Kieran Healy

Posted
29 January 2003 @ 1pm

Tagged
Sociology

The Ecology of Open Source Software

I’ve been working on a a paper [pdf] about Open Source Software development with Alan Schussman, a graduate student in my department. It’s still in a very early state—- we’re really just kicking around a few ideas—- but some of the findings are interesting. The basic idea is to try to look at the social structure of the OSS development community a bit more closely. Here’s a neat picture of the basic finding, which is that OSS projects are fantastically skewed on several different measures of activity. (They have `power law’ type distributions.) We’re not the first people to notice this by any means, though I don’t know of other work that looks at as many projects as we do, and Internet-related research on power laws has focused on the topology of the Internet rather than the organization of software development communities. The working paper has much more by way of context, prior research and speculation about what explains this.

Here’s the abstract.

The Ecology of Open Source Software Development.

Kieran Healy and Alan Schussman.

University of Arizona.

Abstract: Open Source Software (OSS) is an innovative method of developing software applications that has been very successful over the past eight to ten years. A number of theories have emerged to explain its success, mainly from economics and law. We analyze a very large sample of OSS projects and find striking patterns in the overall structure of the development community. The distribution of projects on a range of activity measures is spectacularly skewed, with only a relatively tiny number of projects showing evidence of the strong collaborative activity which is supposed to characterize OSS. Our findings are consistent with prior, smaller-scale empirical research. We argue that these find-ings pose problems for the dominant accounts of OSS. We suggest that the gulf between active and inactive projects may be explained by social-structural features of the community which have received little attention in the existing literature. We suggest some hypotheses that might better predict the observed ecology of projects.


3 Comments

Posted by
Iain J Coleman
29 January 2003 @ 5pm

A very interesting paper. Just one wee word of warning.
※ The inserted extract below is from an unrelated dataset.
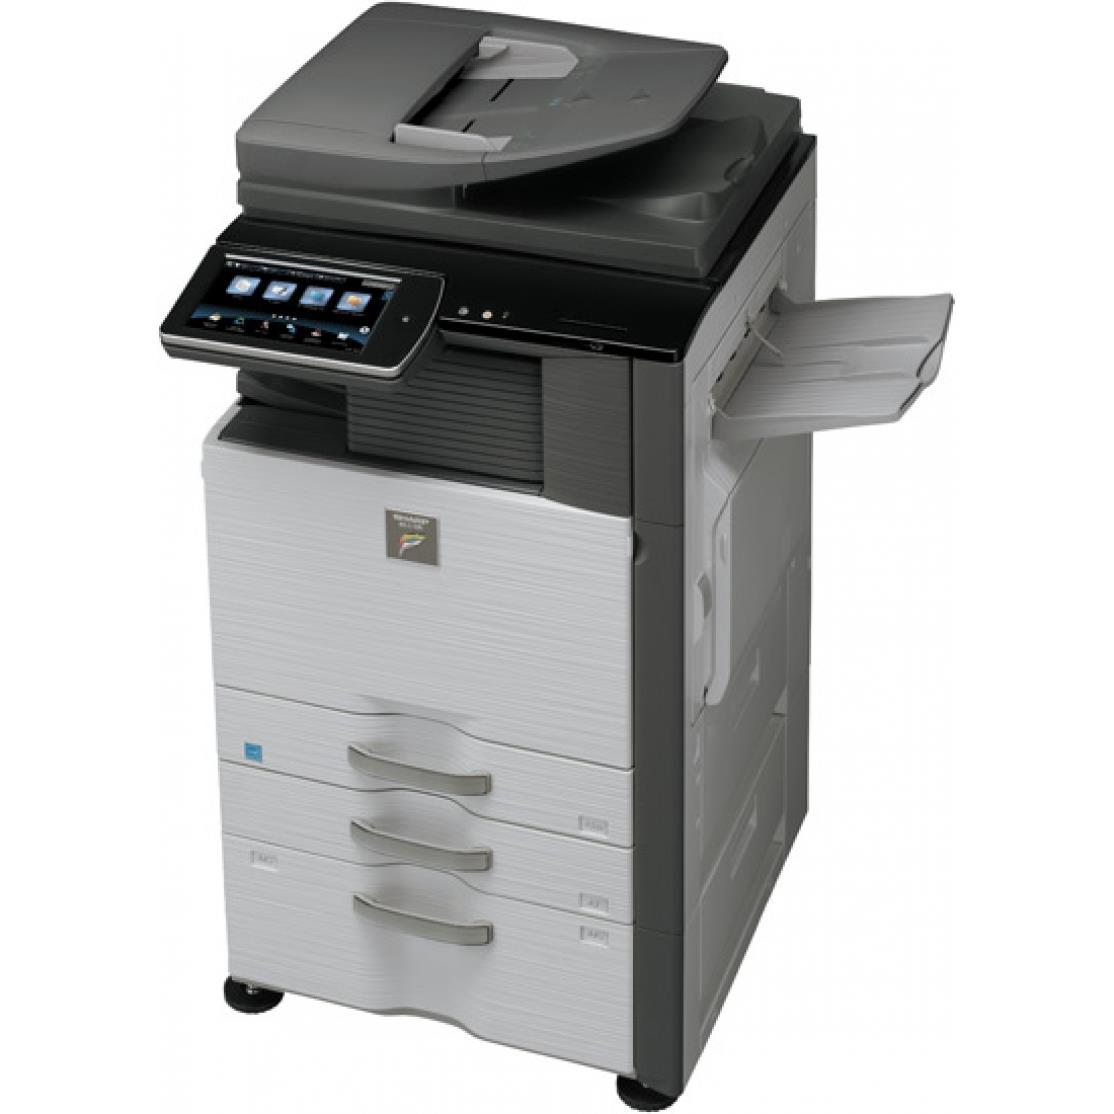 Máy photocopy màu Sharp MX-2614N

It’s pretty unsafe to infer anything about the power law characteristics of a distribution if you’ve only sampled it across a couple of decades (i.e. a couple of factors of ten) of data. In your paper, the main point about the distributions is their skewness, and the power-law-like behaviour is a side point. That’s fine, and I’ve no quibbles with it. I just want to caution you against going too far down the power-law route in future work, unless you’re sure your data set covers enough orders of magnitude to support such an interpretation.


Posted by
Kieran Healy
29 January 2003 @ 6pm

Fair enough—as far as I can tell, in Internet research (and social science more generally), I haven’t seen much substantive interpretation of
‘power law’ type features such as the topology of the Internet. The stuff I’ve seen just says ‘Look at this shape—interesting, eh?’ but there’s much less about the mechanism producing that distribution. My main interest is in why so few projects are active, and what’s driving that, and (as you say) that point holds without making too much of the power law thing. It’s just highly skewed.


Posted by
Neel Krishnaswami
31 January 2003 @ 6am

A quick comment: there are many kinds of very important community assistance that don’t show up in the CVS logs. I’m doing a small language-development effort, and if you look at the logs I’m the only committer, and I do so relatively infrequently. However, that radically understates the amount of help I’ve gotten from the outside world.
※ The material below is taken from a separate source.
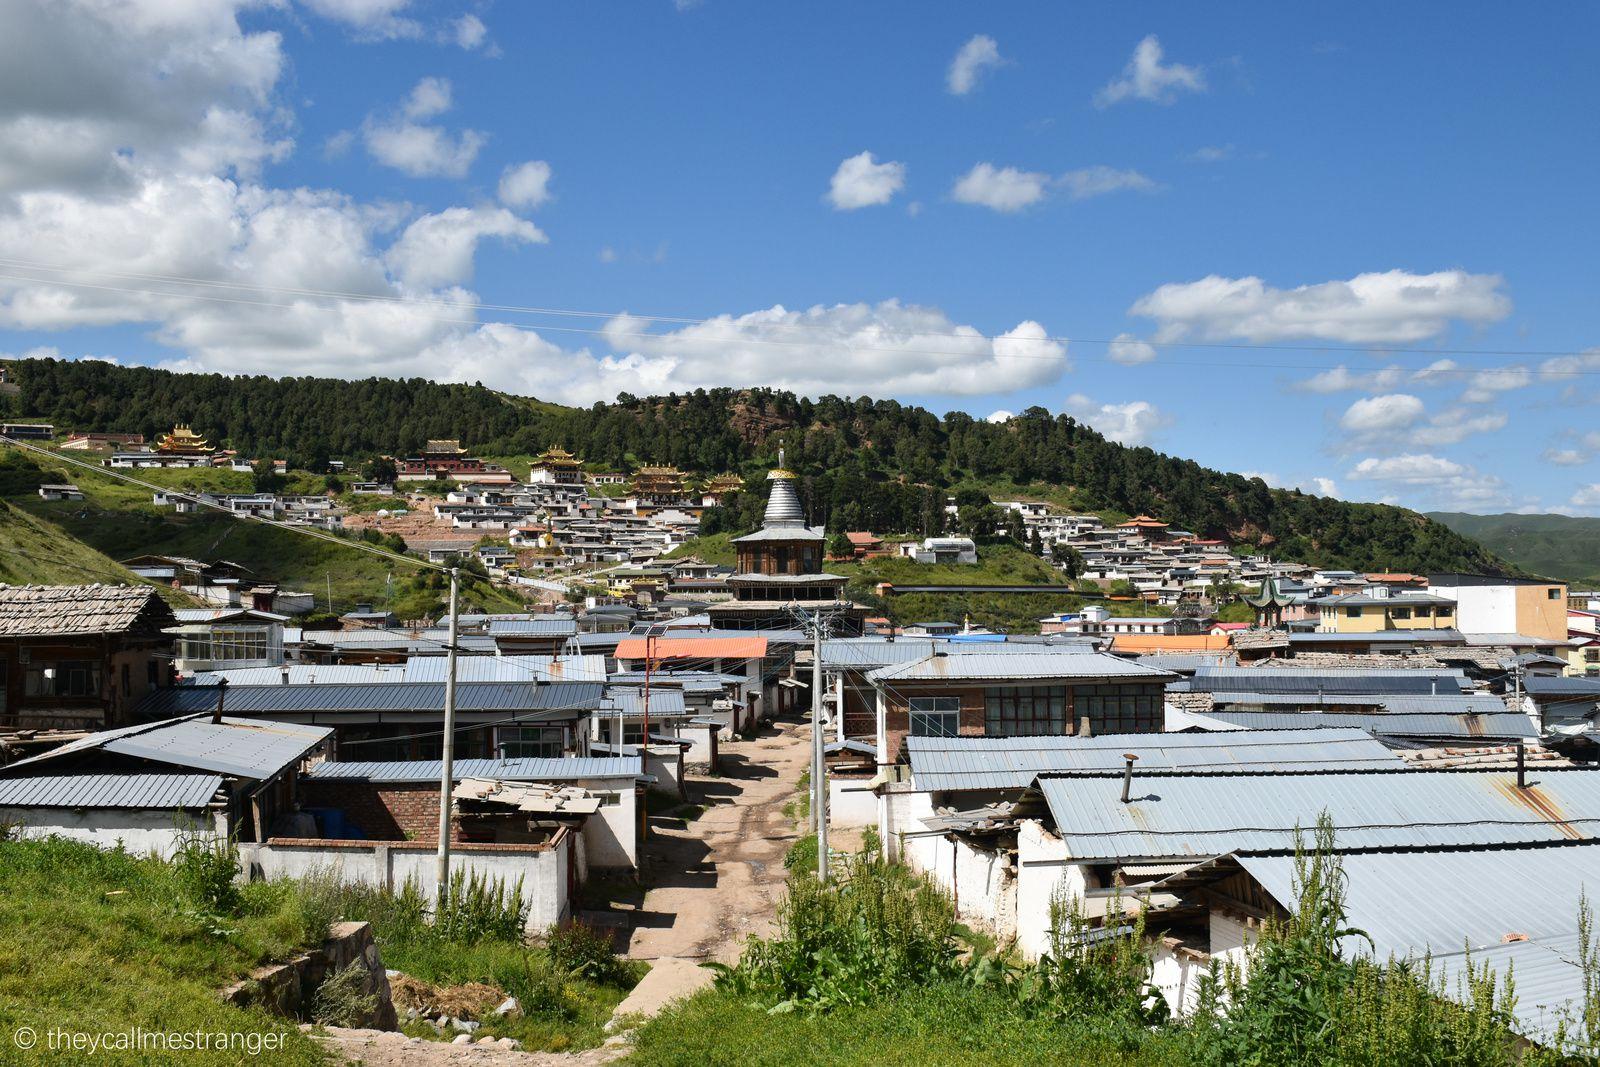 La ville tibétaine de Langmusi 郎木寺, entre Sichuan et Gansu

There were a lot of theoretical CS papers that were essential to my design, and the authors have been uniformly receptive and helpful when I have emailed them about their papers. In fact, I’m applying to graduate school in CS this year, and it would be fair to say that all of my recommendation letters were made possible by meeting computer scientists who were interested in and supportive of what I have been doing. I guess this is a reputational effect like Tirole talks about, but I should point out that I got lots of help even before I started publishing my code, so community assistance is what got me to the point where I could start generating any reputational capital in the first place!

Incidentally, one substantial difference between computer science and economics is that you can find most papers for free in CS. Citeseer is free; JSTOR isn’t. This makes it much easier to track down references and try out state-of-the-art things when messing around with CS-type stuff.